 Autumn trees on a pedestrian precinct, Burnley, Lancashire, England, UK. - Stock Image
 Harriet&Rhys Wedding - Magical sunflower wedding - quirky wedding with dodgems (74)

* * *

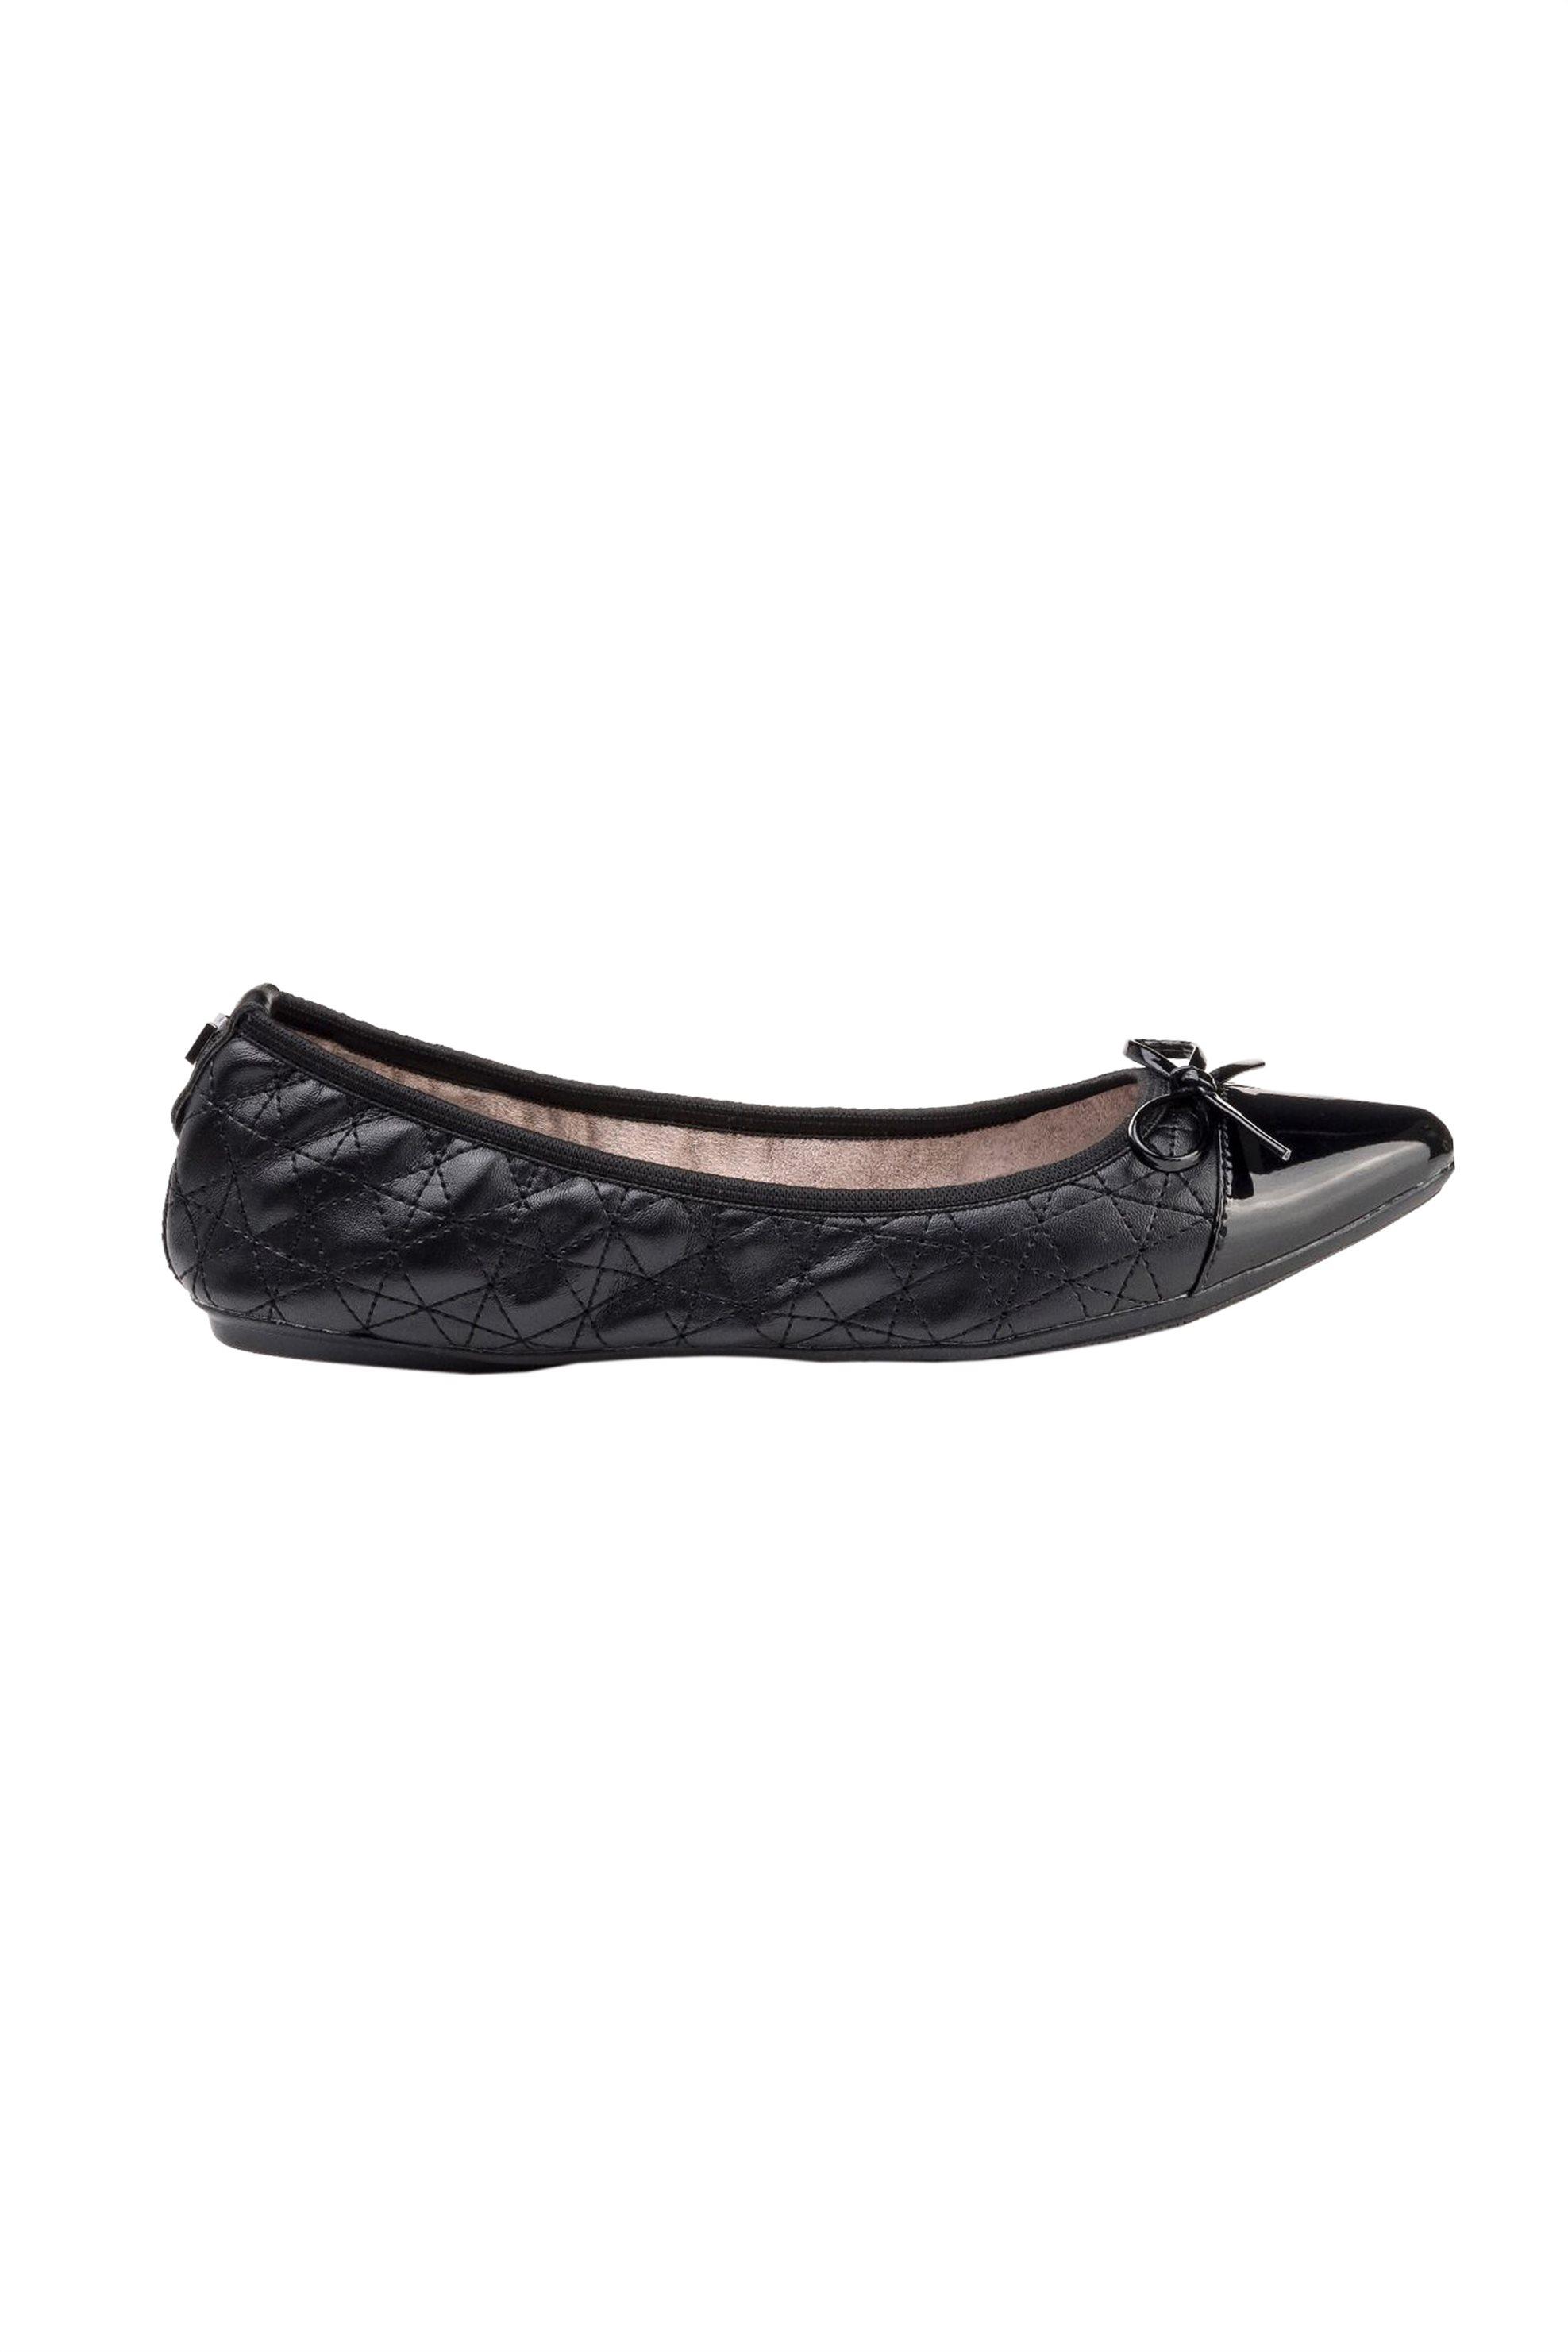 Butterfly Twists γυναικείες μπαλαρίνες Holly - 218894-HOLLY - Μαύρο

...

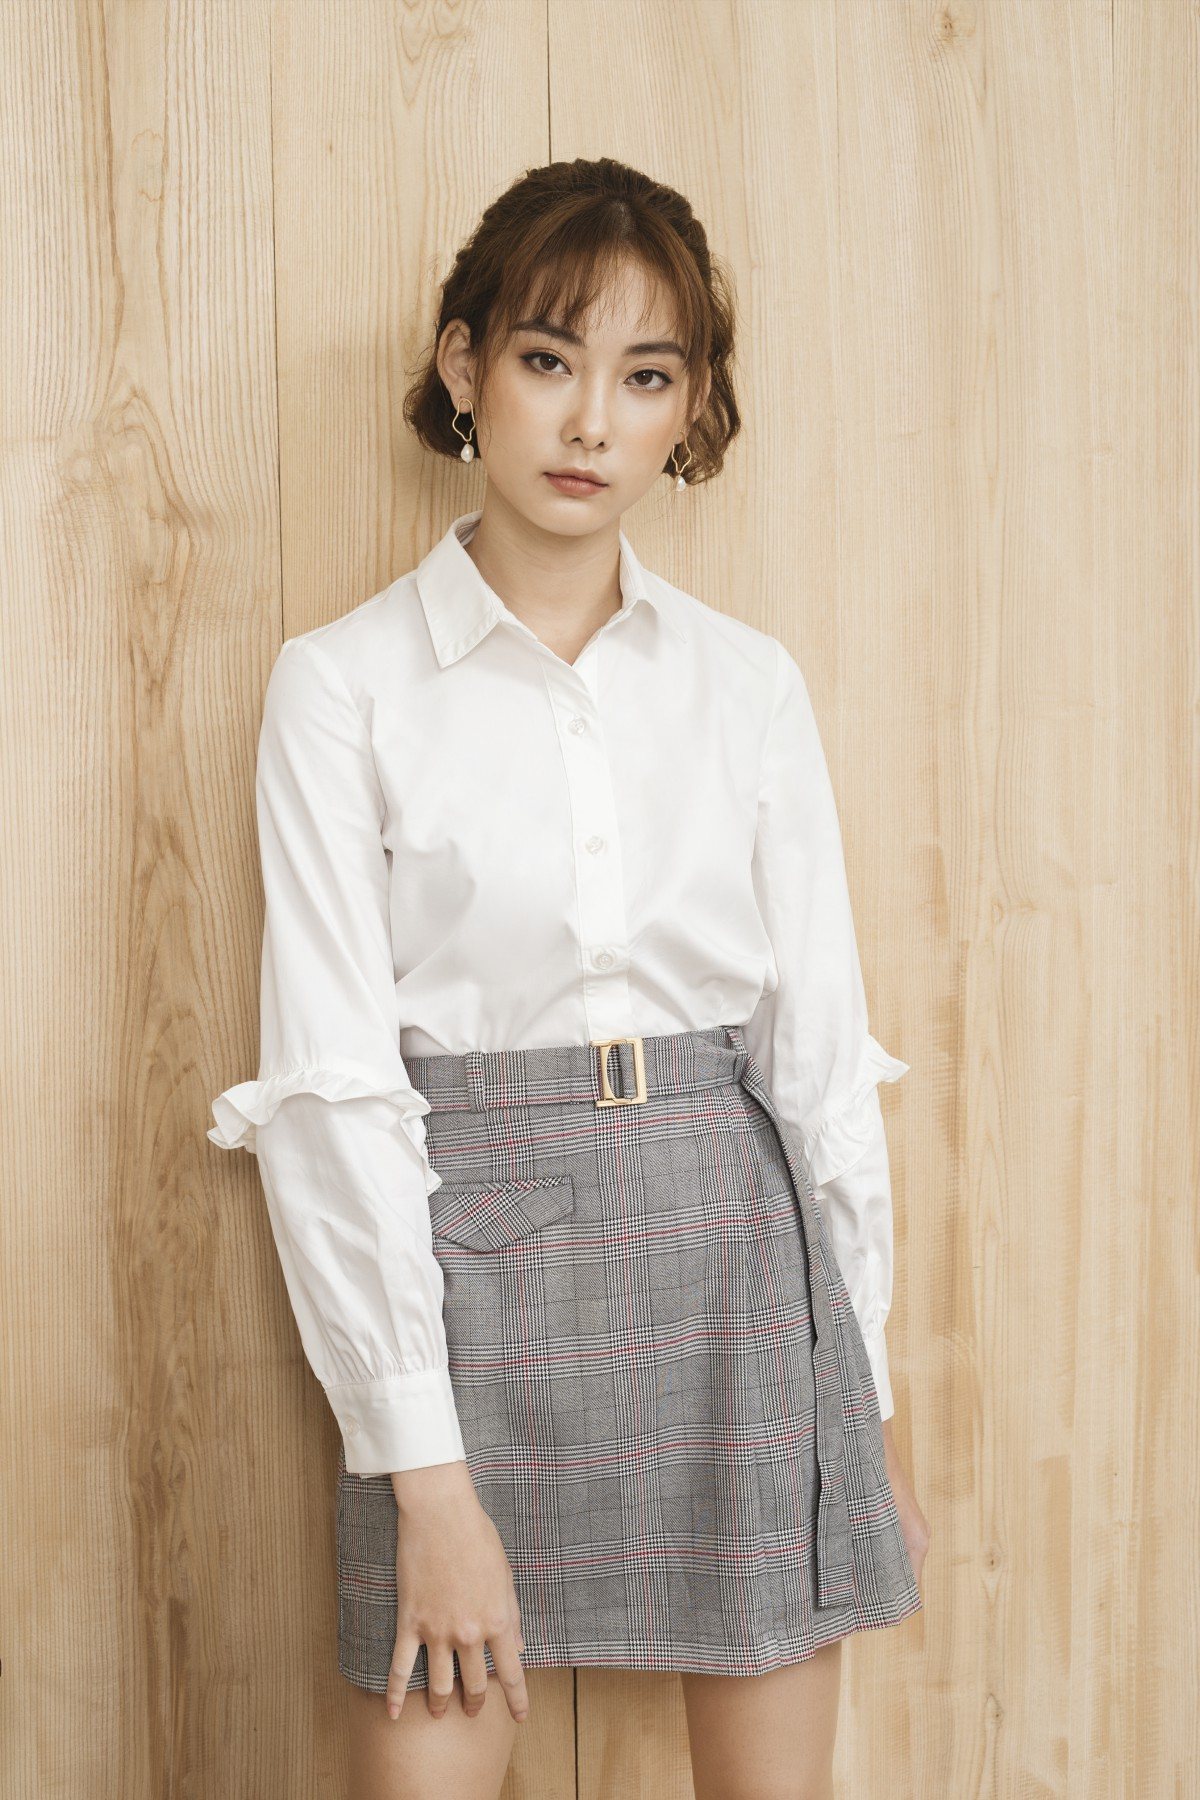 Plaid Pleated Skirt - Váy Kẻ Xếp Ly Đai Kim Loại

● **Action item**:
Write down again, exactly as given, only the lines above that fall from the line with "Autumn trees on" to the line with "Harriet&Rhys Wedding - Magical", inclusive.

● **Reply**:
 Autumn trees on a pedestrian precinct, Burnley, Lancashire, England, UK. - Stock Image
 Harriet&Rhys Wedding - Magical sunflower wedding - quirky wedding with dodgems (74)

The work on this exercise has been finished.